Every decision. Every tradeoff. Walking through a production RAG system for a news media corporation — the way a senior engineer would explain it on a whiteboard.
The prompt
"A news media corporation is exploring a Generative AI assistant to help users discover and understand content through natural language interactions. The system should provide reliable, grounded, and audience-appropriate responses aligned with the corporation's editorial standards."
On the surface this sounds like a chatbot problem. It isn't. Let's unpack the three constraints that define every architectural decision we're about to make.
Real-Time Freshness
News is perishable. A 3-day-old article about a market crash may already be superseded.

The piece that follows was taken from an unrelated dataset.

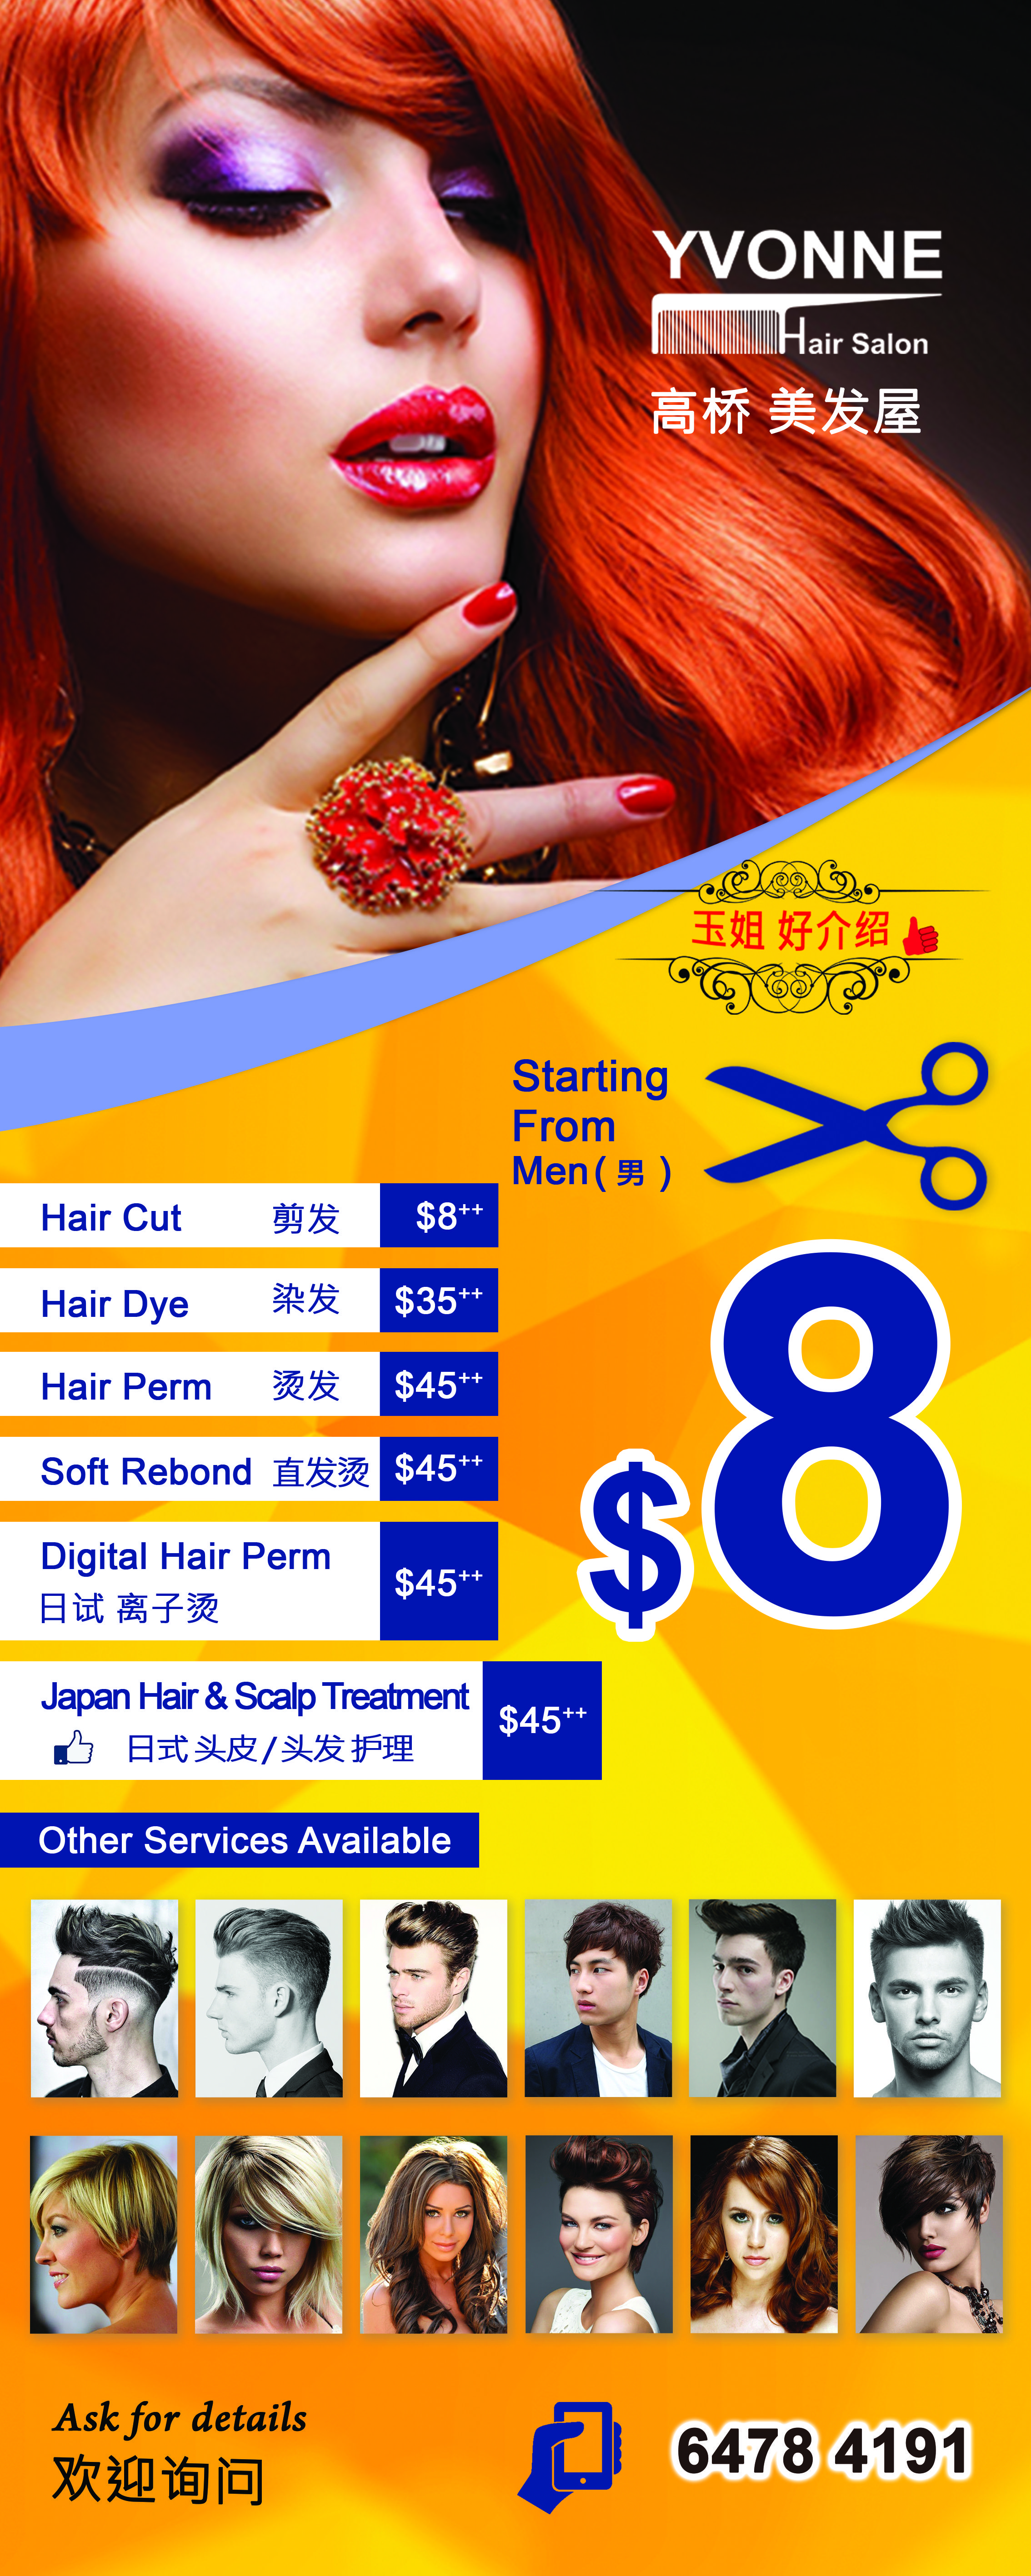 Hair Salon Roll Up Banner Dyed Hair Men Permed Hairstyles Hair Salon

The system must weight recency without hard-expiring evergreen context pieces.
Editorial Standards
This isn't Google. The corporation has a journalistic voice: factual, attributed, impartial. The AI cannot express opinions on political matters — that's a legal and institutional constraint.
Scale + Structure
A major news outlet publishes hundreds of articles per day across dozens of sections: news, opinion, analysis, live blog. The corpus is massive and heterogeneous.
Let's do this properly. The non-functional requirements are where this system gets genuinely interesting.
Functional
Non-Functional
Three plausible approaches. Let's evaluate each honestly before committing to any of them.
| Approach | How it works | The problem | Verdict |
|---|---|---|---|
| Fine-Tuning | Train the LLM on the news corpus to bake knowledge into weights | Knowledge frozen at training time. Expensive to retrain. Still hallucinates. Cannot cite sources. | ❌ Wrong tool |
| Prompt Stuffing | Dump articles directly into a huge context window | Context window limits (~200K tokens). Cannot scale to millions of articles. Expensive per query. Slow. | ❌ Doesn't scale |
| RAG | Retrieve relevant articles from a vector index, then generate grounded responses | Retrieval quality is the ceiling. Two-stage latency. Infrastructure complexity. | ✓ The right call |
RAG is only as good as the data behind it. This is where most teams underinvest.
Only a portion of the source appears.